Karak was to play an important role in early Mamluk politics, but it was not directly involved in the defense of the Sultanate. The town and its fortifications had not been attacked by the Mongols and the fortress did not suffer any destruction.
Once the Mongols had retreated beyond the Euphrates there was no political entity that cast an eye on the site or wished to control it. The ranks no longer posed a threat to the merchants or pilgrims who used this route. The local Bedouin tribes submitted to the governor, though later, during the reign of al-Ashraf Khalīl, they gained strength and took hold of the nearby fortress of Shawbak. It would seem that in order to secure this main highway the existing fortress would suffice. If a Mamluk army could be sent from Cairo to the Euphrates, it could no doubt reach Karak within a couple of days.

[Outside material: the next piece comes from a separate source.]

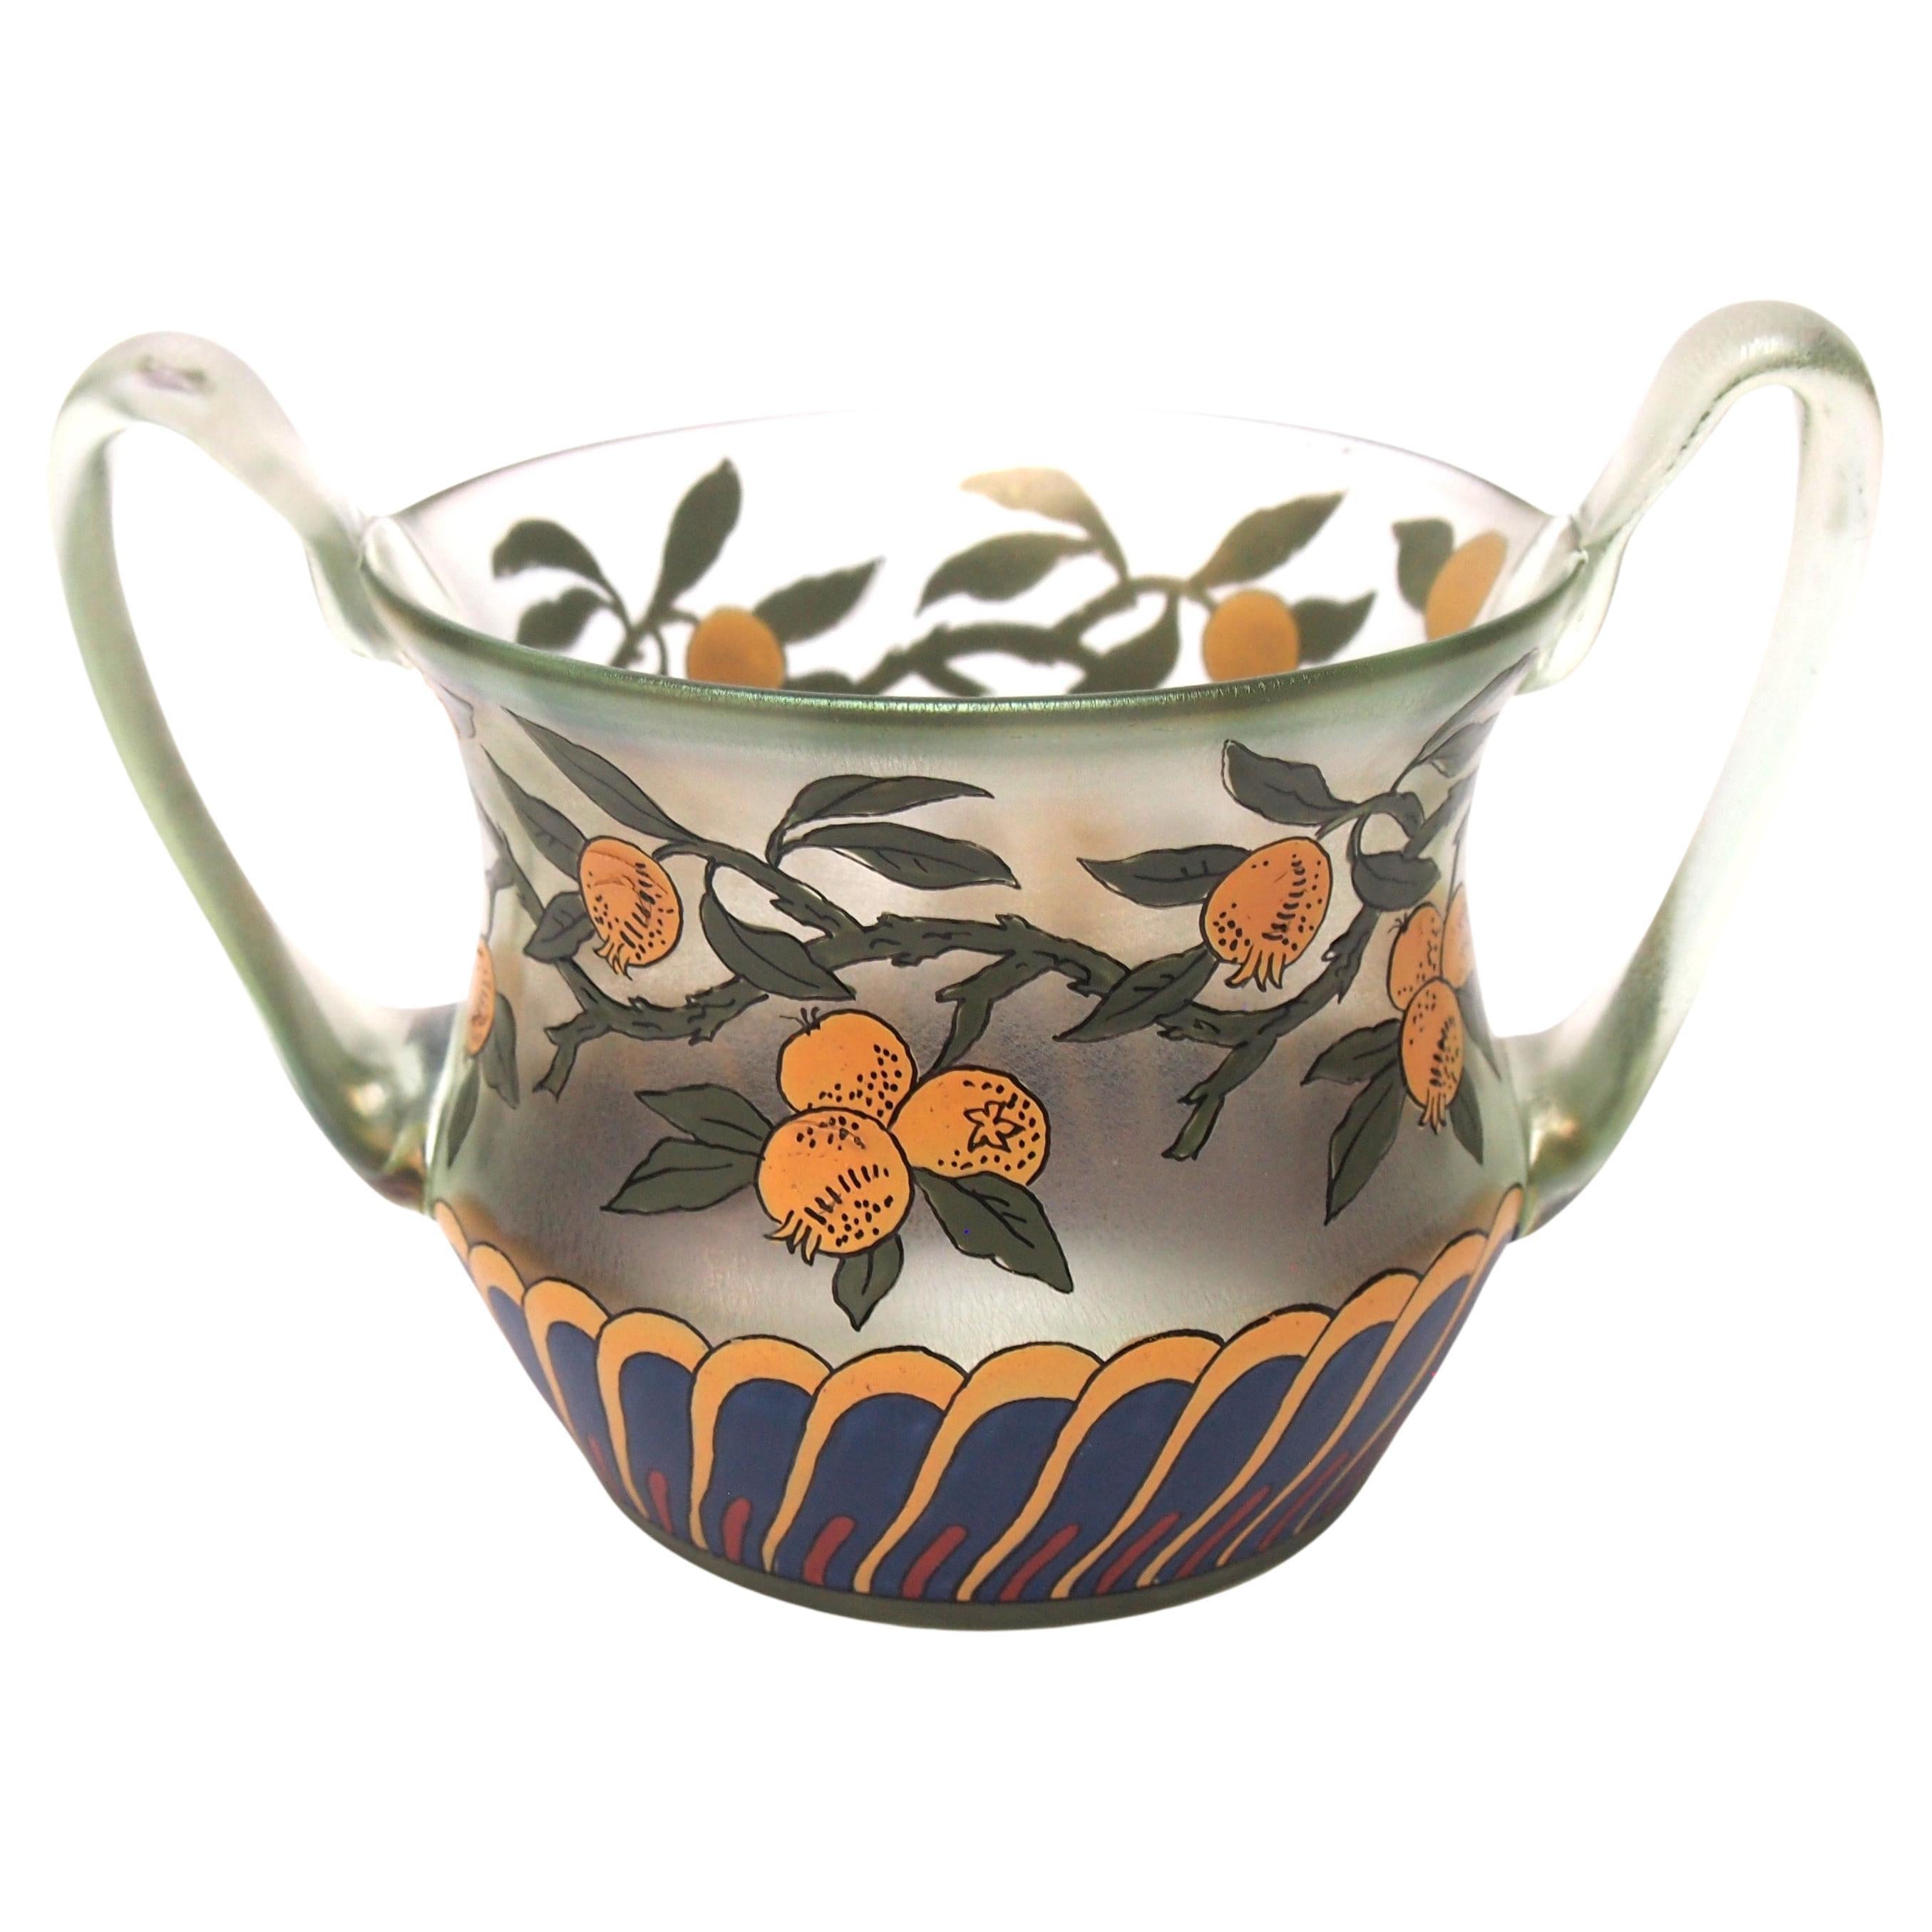 Fritz Heckert Pomegranate Enamelled 2 handled glass vase design by Max Rade 1900

And yet Karak received the sultan’s full attention and was among the first fortresses to undergo reconstruction. The wok began and ended during Baybars’ reign and was not left to his successor. The major reason for this large investment seems to have been the sultan’s decision to turn Karak together with the nearby fortress of Shawbak into a large regional granary. In his treaty on famines, Maqrīzī reports that, during the severe famine of 695/1295–6,
More than twenty thousand
ghirarahs
[sacks of grain] that were stored in Karak, Shawbak, and [along] the Palestinian littoral were sent to the cities, [although] they had been kept originally as provisions and destined to supply military expeditions.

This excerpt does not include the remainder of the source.